On this date in 1943, days before their city was liberated, five members of the anti-occupation resistance were shot in Krasnodon in the Donbass.

That eastern Ukrainian city* had fallen under German-Italian-Romanan occupation in July 1942.

In response, some 100 local teens banded together into an anti-fascist underground — the Molodaya Gvardiya, or Young Guard. (English Wikipedia entry | Russian) Most of their number would give their lives in resistance.

During the few months of occupation, the Young Guards managed an impressive record of sabotage operations and propaganda coups. It busted 90 people out of the Germans’ concentration camp, and got the hammer and sickle hung up on government buildings to mark the silver anniversary of Red October. In December, the Young Guards managed to destroy the labor bureau (and its list of intended conscripts) on the eve of a planned deportation, sparing 2,000 people that dreadful fate.
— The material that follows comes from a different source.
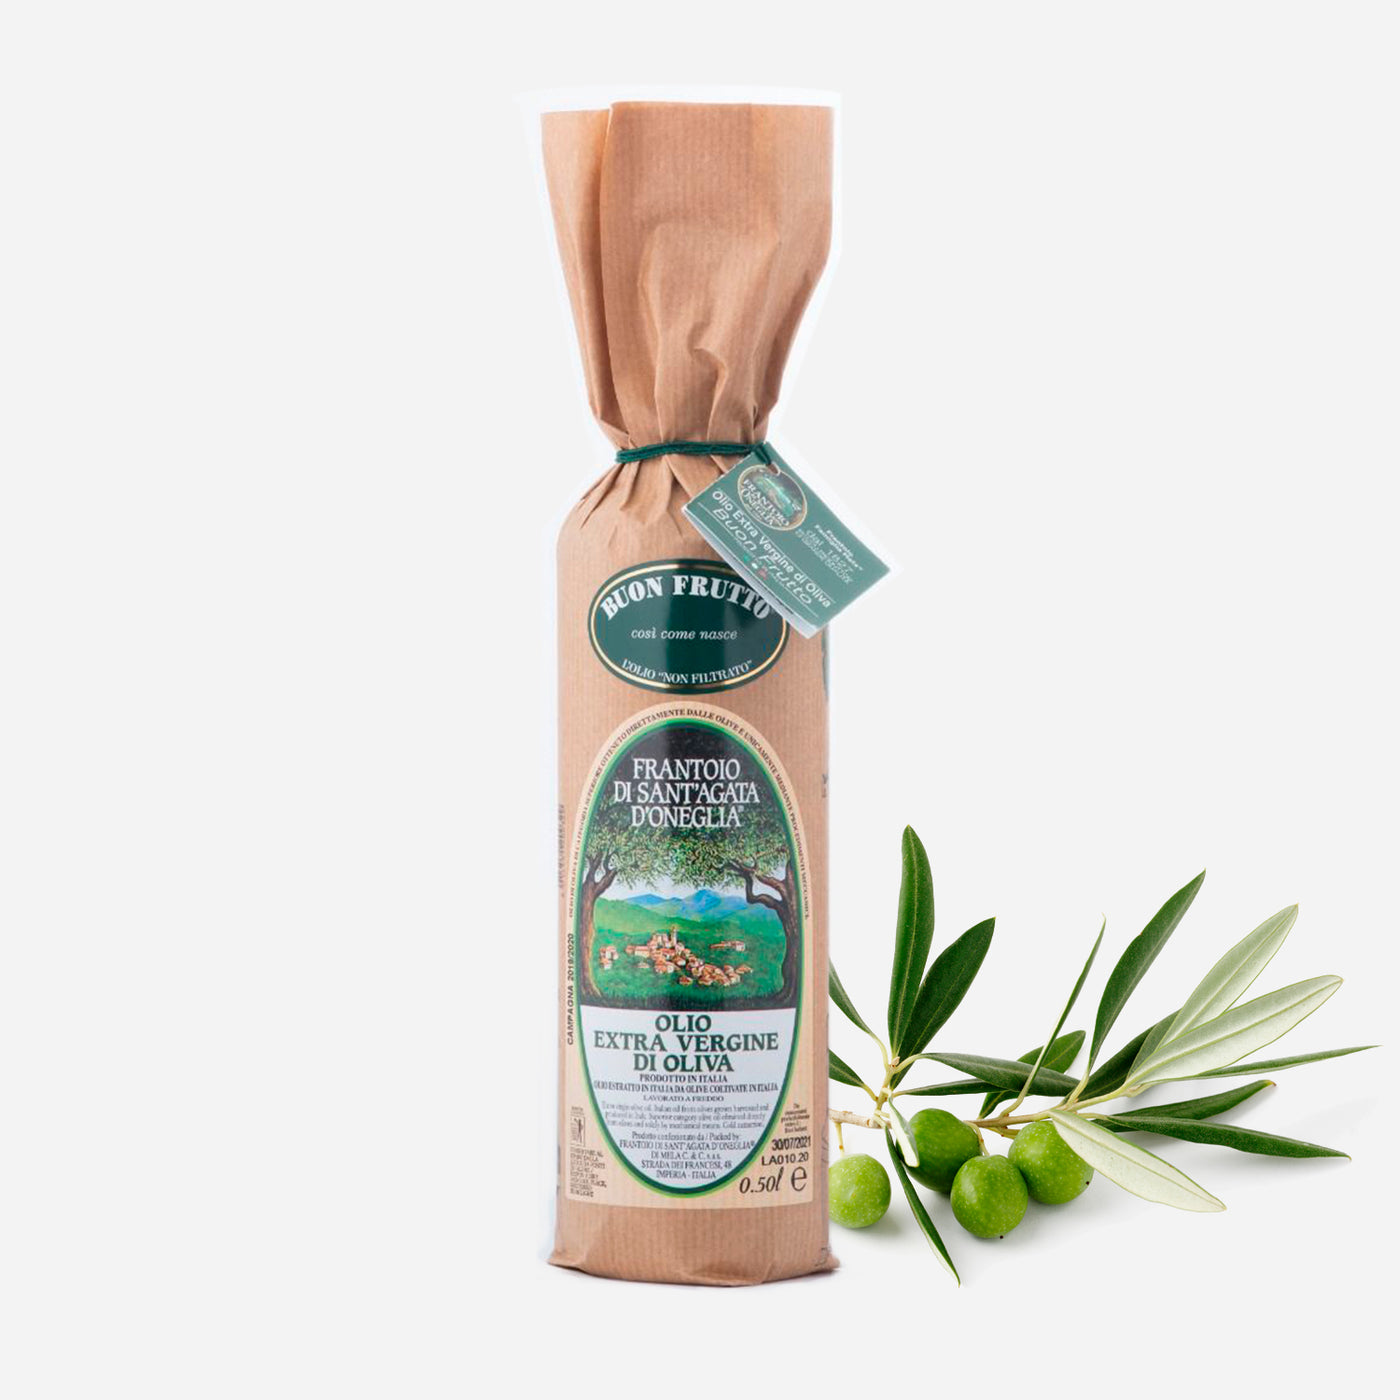 'Buon Frutto' - Ligurian Extra Virgin Olive oil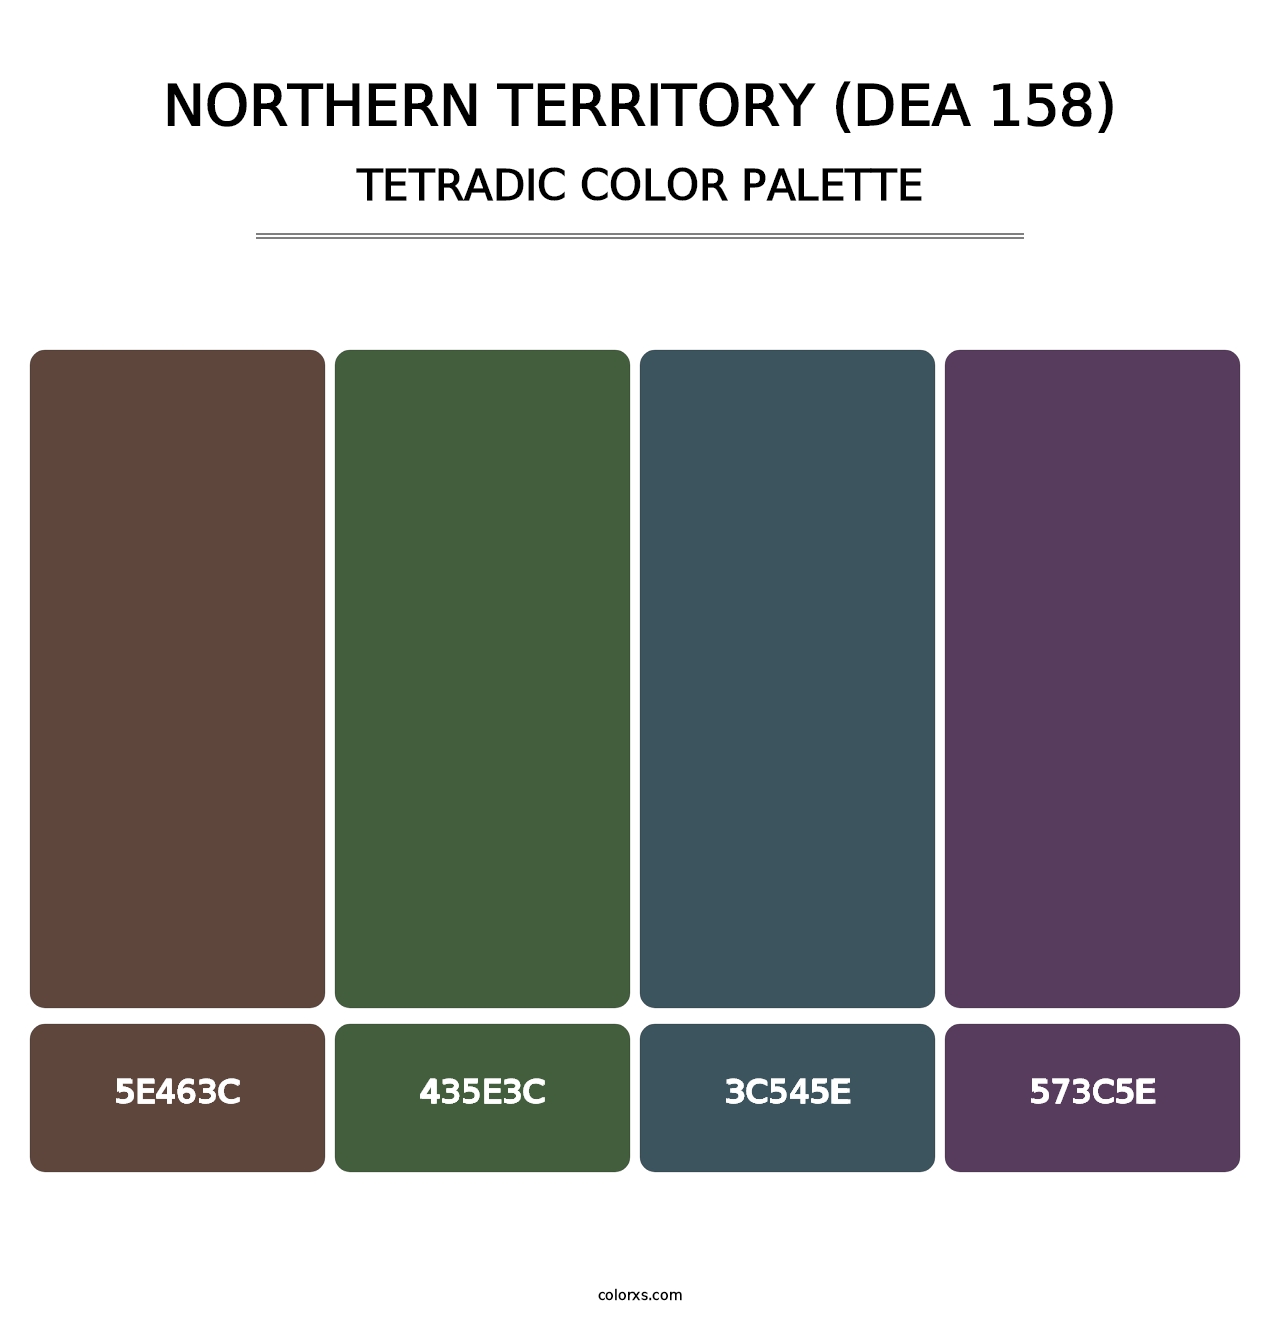 Northern Territory (DEA 158) - Tetradic Color Palette

The Germans finally got their hooks into the Young Guards and started mass arrests at the start of January. They brought in most of the Young Guards for torture and execution — smashing up the organization in their very last weeks in town.

The five put to death this date were the last of those martyrs, and the more tragic in that the occupiers were even then gearing up to evacuate as the Red Army closed in. (The Soviets took the city on February 15.) They were:


Oleg Koshevoy’s interrogation. Image from MolodGuard.ru’s stupendous images collection.

In September 1943, three Soviet citizens were publicly executed in the liberated city on charges of having aided the Germans in suppressing the Young Guards.

The Young Guards’ youth and intrepidity made them extremely congenial to the Soviets’ wartime demand for martyrs. At the urging of his Ukrainian deputy Nikita Khrushchev — who himself hailed from the Donbass — Stalin approved a number of the Young Guards (including this date’s Koshevoy and Shevtsova) as Heroes of the Soviet Union.

The Guards valorized in a 1945 novel, and then a 1948 film based on that novel. (Russian links, both.)

They’ve featured in postage stamps, public artwork, and every manner of patriotic commemoration ever since. They’ve even come in for a bit of post-Soviet “ownership” conflict (over the Guards’ degree of Communist Party affiliation) between Ukraine’s Russian- and Soviet-leaning east and the nationalist-sympathizing west.

Today the “Molodaya Gvardiya” brand might be most immediately recognizable as a youth organ of Vladimir Putin’s party — no connection to the young partisans, of course.

* Not to be confused with the Russian city of Krasnodar.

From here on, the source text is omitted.